The last few weeks we’ve hearing quite a bit about God calling people. Jesus baptized and called into his mission; Jonah; Jesus’ new disciples; Samuel, called in the night. And another call in the night, for Martin Luther King to persevere when things were the darkest. Call is clearly a major theme of this season of Epiphany.

But what is this business of “call,” anyway? Because it is not like most of us hear God’s voice come completely out of the blue: Brian, you are now to become an astronaut! Mary, go to Cairo tomorrow, and open a shoe repair shop!

More likely, God’s call is a lengthy process, which asks of us patience and discernment. It often begins with dissatisfaction, an itch. A job just doesn’t feel right, or we know that we’re not living in a way that is healthy or centered in God. We have to experience this dissatisfaction for awhile, getting to the root of it: what is the problem here? What needs to change?

Then begins a time of praying, listening, waiting for the Spirit to call us forward. What is it we need? A new approach to prayer, a change of vocation, a shift in our relationship with our spouse? What feels compelling, attractive, perhaps scary, but right? We have to rely on our intuition, and dare to imagine.

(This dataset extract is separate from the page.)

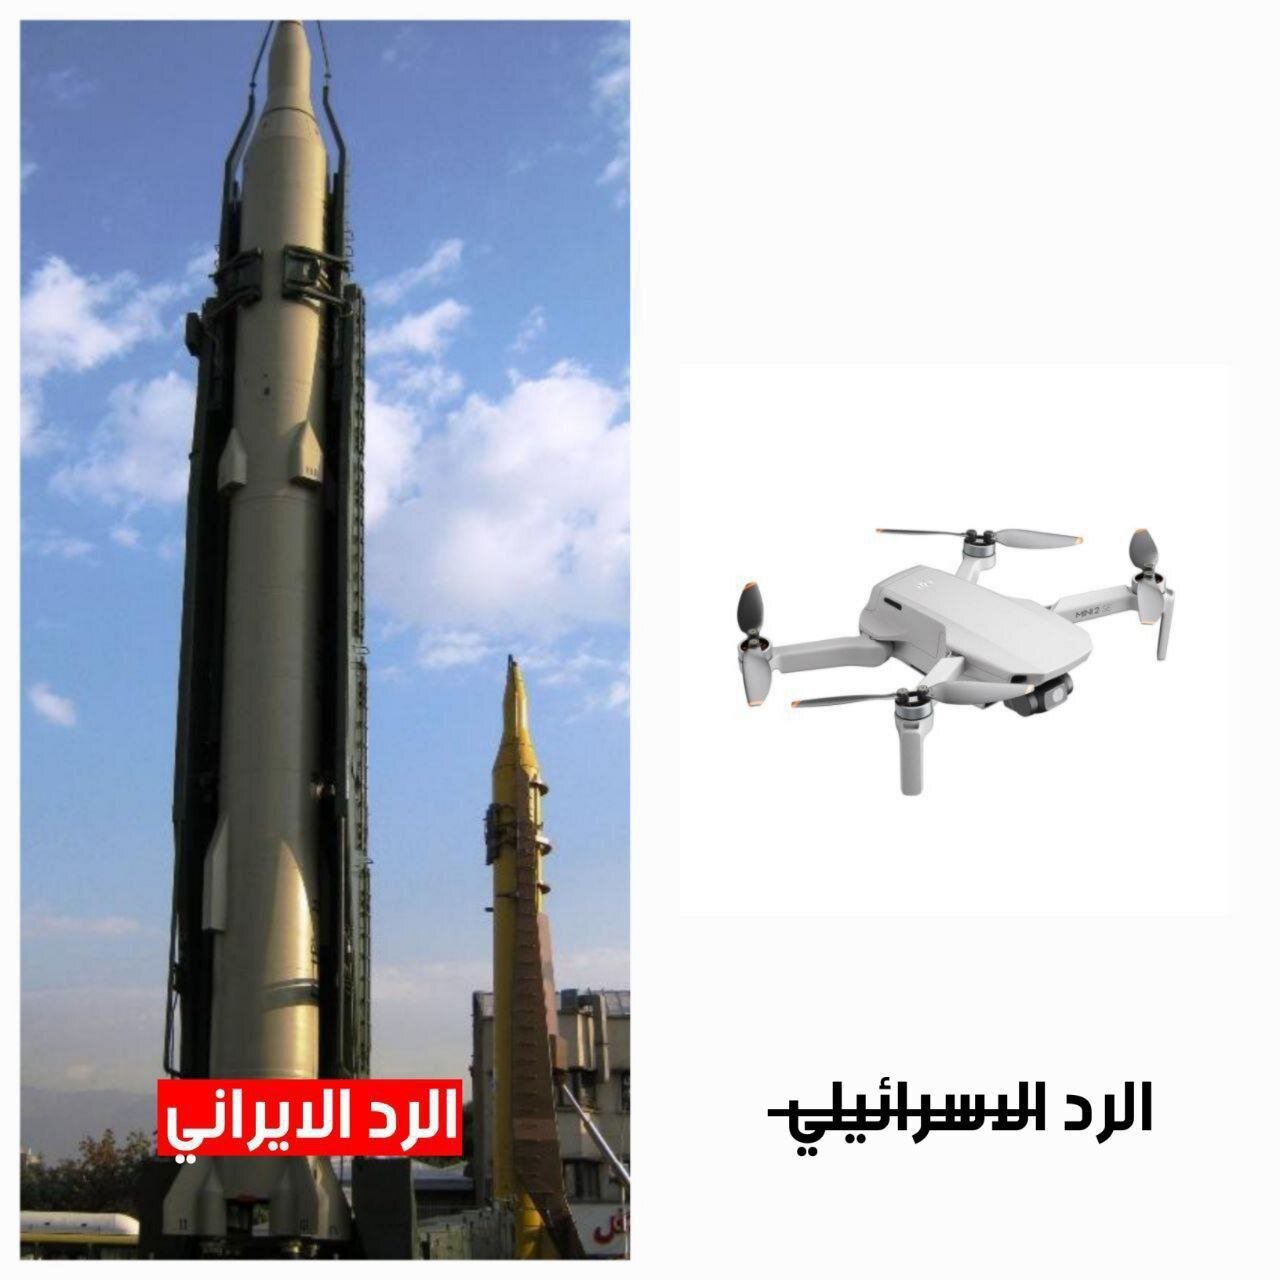 مقام ایرانی به رویترز: هیچگونه حمله موشکی به خاک ایران صورت نگرفته / المیادین: چیزی جز یک حباب رسانه ای نبود / تمسخر اسرائیل از سوی رسانه های عربی 2

In time, we may have a gut feeling, an intuition about how the Spirit may be leading us. Then, if we are brave, we respond to the call; we get up and go where we are led. God gives us a vision of possibilities, but then it is up to us to get up and walk into the unknown. This takes faith, trust, that God will give us the means to do what God calls us to do.

Through all of this, we cannot go it alone. We need friends, family, fellow pilgrims on the journey. Some form of community is essential, if we are ever to get to clarity. We need people to discern with us, to whom we can express our dissatisfaction, our dreams, our fear of change. Others give us a reality check; they tell us things we hadn’t thought of; they mirror back to us what they hear and see in us.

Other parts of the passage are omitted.